FusePaq™ kits provide a convenient approach to rapidly prepare prescription medications, as all components are pre-measured. This kit is manufactured according to US FDA current Good Manufacturing Practices (cGMP).
This kit contains active and inactive bulk materials to prepare 420 mL of a gabapentin oral suspension containing 25 mg/mL gabapentin. This kit may only be used for the extemporaneous mixing of these ingredients by an appropriate licensed medical professional, in response to a physician's prescription, to create a medication tailored to the specialized needs of an individual patient.
Remove kit contents. Ensure that seals are present and intact on the gabapentin and oral suspension vehicle bottles. If the seals are not intact, do not use the kit.
2 Prepare for Mixing
Wear gloves and eye protection during mixing operations. Remove the seal from the oral suspension bottle. Break the seal and remove the cap from the gabapentin bottle.
3 Transfer Gabapentin to the Suspension Bottle
Uncap the suspension bottle. Using the included funnel, carefully transfer the gabapentin powder to the suspension bottle. Cap the suspension bottle and mix thoroughly by inverting and shaking until all contents are dissolved. Uncap the suspension bottle. Pour a small amount of the mixed suspension back into the gabapentin bottle.
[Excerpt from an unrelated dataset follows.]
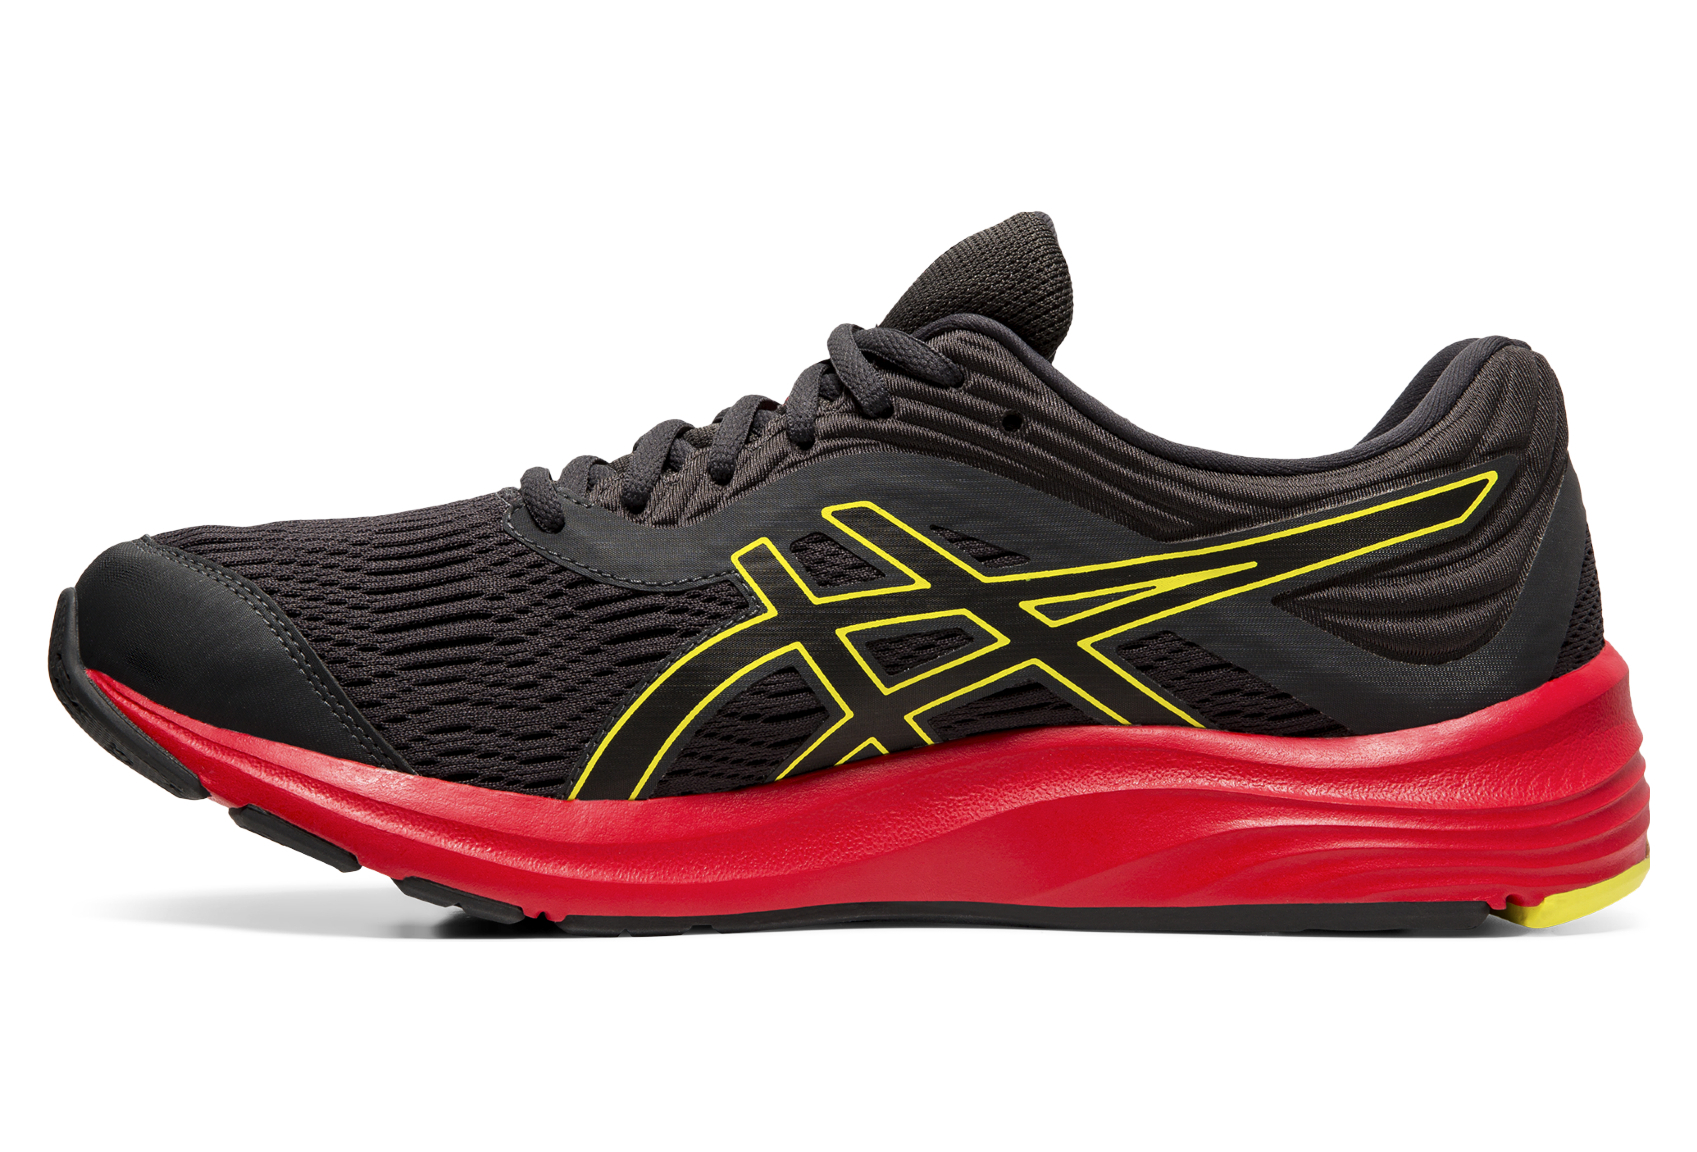 ASICS Gel Pulse 11 GTX Running Shoes

Cap the gabapentin bottle and shake to ensure that all residual gabapentin has been dissolved. Pour the liquid through the funnel into the suspension bottle. Discard the funnel and gabapentin powder bottle.
4 Complete the Mixing Process
Insert the press-in bottle adaptor into the suspension bottle. Recap the suspension bottle. Mix well by inverting repeatedly several times. Visually ensure that all contents are dissolved.
5 Re-label the Suspension
Label the mixed suspension as required for prescription products. Ensure that the original oral suspension vehicle label is removed or obscured, since the original label is no longer accurate once the suspension is prepared.
Store the unused kit at room temperature of 15-30°C (59-86°F). Once prepared, store the mixed suspension between 15-30°C (59-86°F). The mixed suspension is stable for at least eight weeks, based upon real-time and accelerated stability studies.
Each lot of suspension vehicle is tested to meet microbial limits per USP Microbial Limit Test <61>. In addition, the suspension vehicle formulation has passed the USP <51> Antimicrobial Effectiveness Test.
An oral dispenser is provided in the kit and may be used to facilitate delivery of the suspension.
U.S. Patents Pending
Fusion Pharmaceuticals, LLC
768 Calle Plano
Camarillo, CA 93012
CS75-A1 rev 0
DRUG BOTTLE LABEL
Do not use if safety seal is broken
Gabapentin 1-(Aminomethyl)cyclohexaneacetic acid CAS #60142-96-3 CAUTION: For manufacturing, processing, repacking, or prescription compounding
Net contents: 10.5 g
Repackaged by Fusion Pharmaceuticals, LLC Camarillo, CA 93012
CS73-A1 rev 0
SUSPENSION BOTTLE LABEL
Do not use if safety seal is broken For Prescription Compounding Only
Manufactured for: Fusion Pharmaceuticals, LLC Camarillo, CA 93012
CS74-A1 rev 0
Carton Box Label
Do not use if safety seal is broken
FusePaq™ Kit for Oral Suspension Fanatrex™ (gabapentin 25 mg/mL, in oral suspension - kit)
Description: This kit contains active and inactive bulk materials to prepare 420 mL of a gabapentin oral suspension containing 25 mg/mL gabapentin. This kit may only be used for the extemporaneous mixing of these ingredients by an appropriate licensed medical professional, in response to a physician's prescription, to create a medication tailored to the specialized needs of an individual patient.